Supporters Thursday delivered a massive petition containing more than 663,000 signatures in support of clemency for Davis.

They're worried that won't be enough, as all legal appeals have been exhausted and only the state Pardon and Parole Board can call off Wednesday's execution. The board denied clemency in 2008.

"In some ways, the board has an opportunity to look at this case afresh," said Laura Moye with Amnesty International USA, which has long denounced Davis' conviction.

A new witness who testified during a 2010 evidentiary hearing said he saw another person shoot MacPhail. Supporters hope that fact will be considered by the parole board.

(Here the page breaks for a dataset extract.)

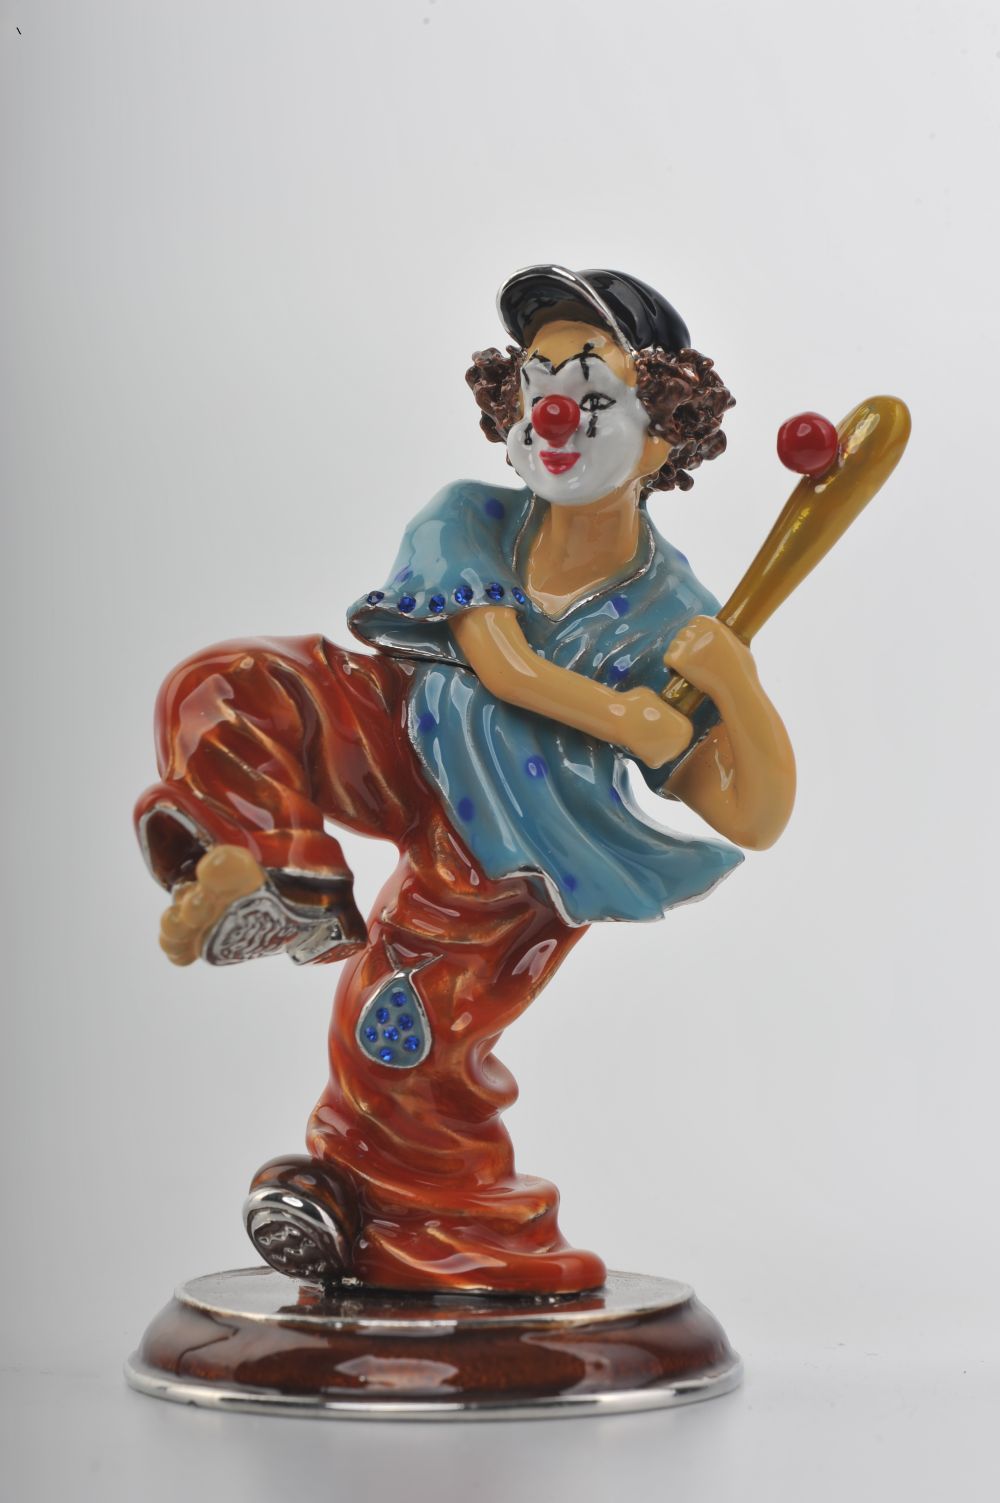 Keren Kopal Circus Clown Playing Baseball  89.00

"So why is it that we are willing to believe what they said in 1991, but are not willing to believe what they have to say today," Moye said. "Most of (the witnesses) have recanted or contradicted their testimony and additional testimony has come forward to implicate this alternative suspect."

MacPhail's family has steadfastly asserted that Davis was the killer, and the district attorney who prosecuted Davis has maintained his position that Davis is guilty. He does not have much confidence in witness recantations.

"I'm just disappointed so many people have been led to believe nobody has paid attention to these recantations. It is simply not the case," former Chatham County District Attorney Spencer Lawton once told CNN affiliate WTOC. "On what grounds are the recantations more believable than the testimony in court? None."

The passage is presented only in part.